Backs `legal_search`. Works **keyless** — `legal_search` is always available. An optional token raises the rate limit.

**Step 1**: (Optional) Register at [courtlistener.com](https://www.courtlistener.com) and create an API token in your account settings.

**Step 2**: Configure (optional)

```bash
export COURTLISTENER_API_TOKEN=your-token
```

**Notes**: Without a token, roughly 100 requests/day; a token raises this to ~5000/day. Coverage is US federal and state court opinions.

### World Bank + OECD + Eurostat (keyless) + FRED (key)

`econ_search` is backed by four providers. **World Bank Open Data**, **OECD**, and **Eurostat** are all keyless and always available. **FRED** (Federal Reserve Economic Data) adds 800K+ US macro series and needs a free key.

- World Bank (`provider: worldbank`) — global development indicators for 200+ economies, scope by `country`
- OECD (`provider: oecd`) — OECD economy indicators via SDMX
- Eurostat (`provider: eurostat`) — European official statistics
- FRED (`provider: fred`) — US macro series (GDP, CPI, unemployment, rates)

So `econ_search` works out of the box (World Bank, OECD, Eurostat); add the FRED key to also reach US macro series.

**FRED — Step 1**: Request a free key at [fred.stlouisfed.org](https://fred.stlouisfed.org/docs/api/api_key.html) (sign in → My Account → API Keys).

**FRED — Step 2**: Configure

```bash
export FRED_API_KEY=your-fred-key
```

**Notes**: World Bank, OECD, and Eurostat require no configuration. FRED is enabled by `FRED_API_KEY`. Observation values pass through exactly as each source returns them — no rounding; the FRED key is sent as a query param and never logged.

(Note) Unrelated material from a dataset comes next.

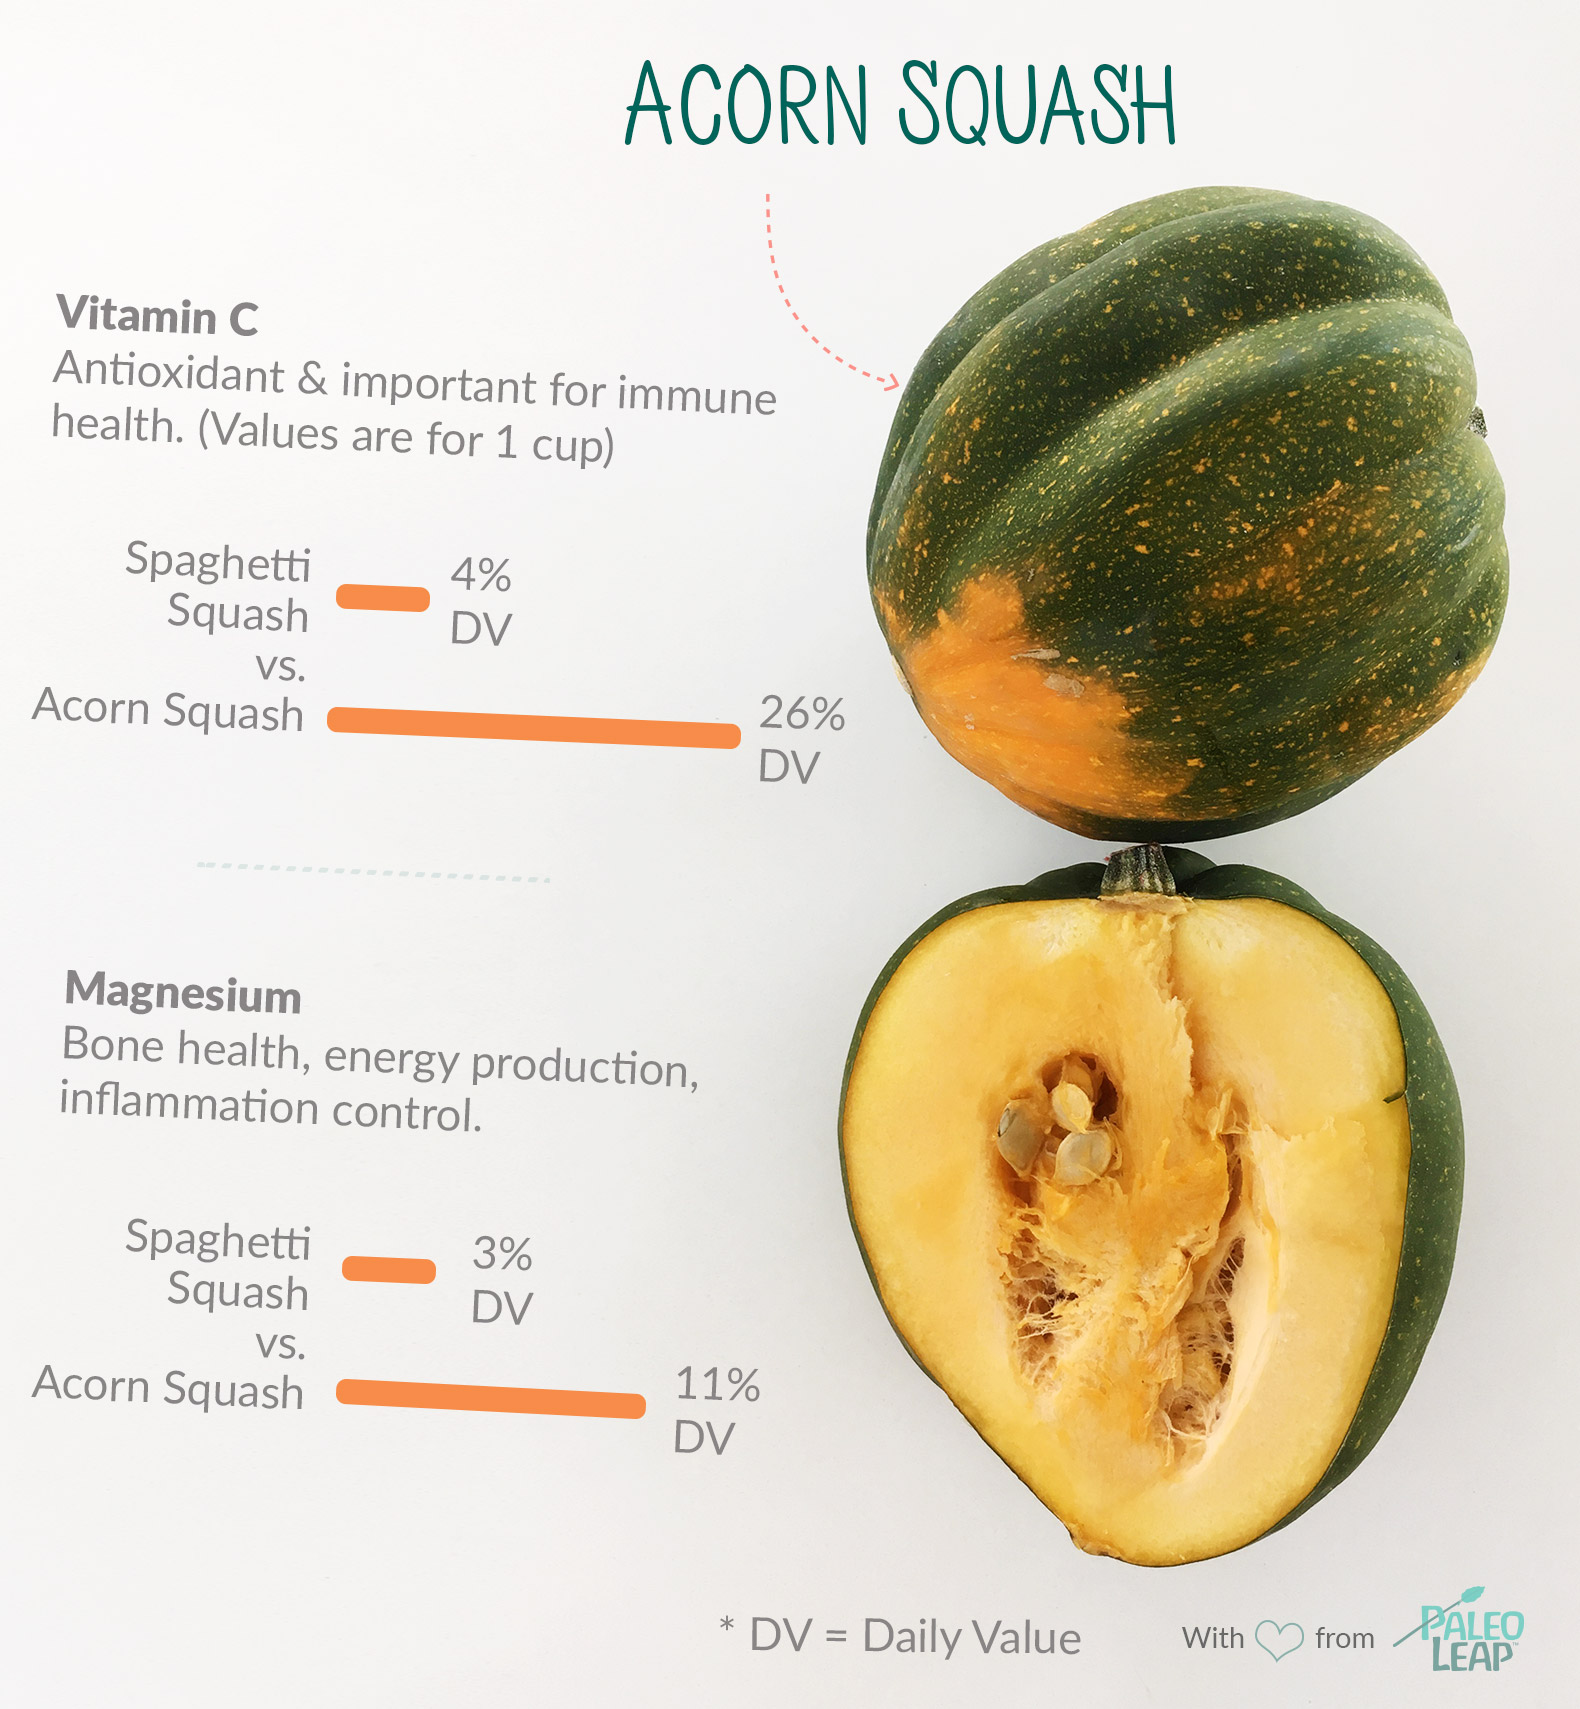 Acorn Squash highlights

### ClinicalTrials.gov (Clinical Trials)

Backs `clinical_search`. Works **keyless** — `clinical_search` is always available. No registration or API key.

**Notes**: Queries the ClinicalTrials.gov v2 API (NIH registry of 400K+ studies). Returns trial registrations as typed data (status, phase, sponsor, conditions, interventions, results availability); read the full record via `scrape_page` on the returned `url`. Discovery + primary-source retrieval only — not medical advice.

### Internet Archive — Save Page Now (Optional, for `archive_source`)

The `archive_source` tool triggers an Internet Archive Save Page Now (SPN) capture. It works **keyless** by default — no registration is required. An optional S3-style key pair raises the rate limit and improves capture reliability for high-volume use.

**Step 1**: (Optional) Sign in at [archive.org/account/s3.php](https://archive.org/account/s3.php) to generate an access/secret key pair.

**Step 2**: Configure (both are optional)

```bash
export IA_ACCESS_KEY=your-ia-access-key
export IA_SECRET_KEY=your-ia-secret-key
```

**Notes**: Both keys are required together — set neither or both. Values are never logged or included in error messages. Keyless SPN is sufficient for occasional archiving; keys are recommended for production deployments that archive frequently.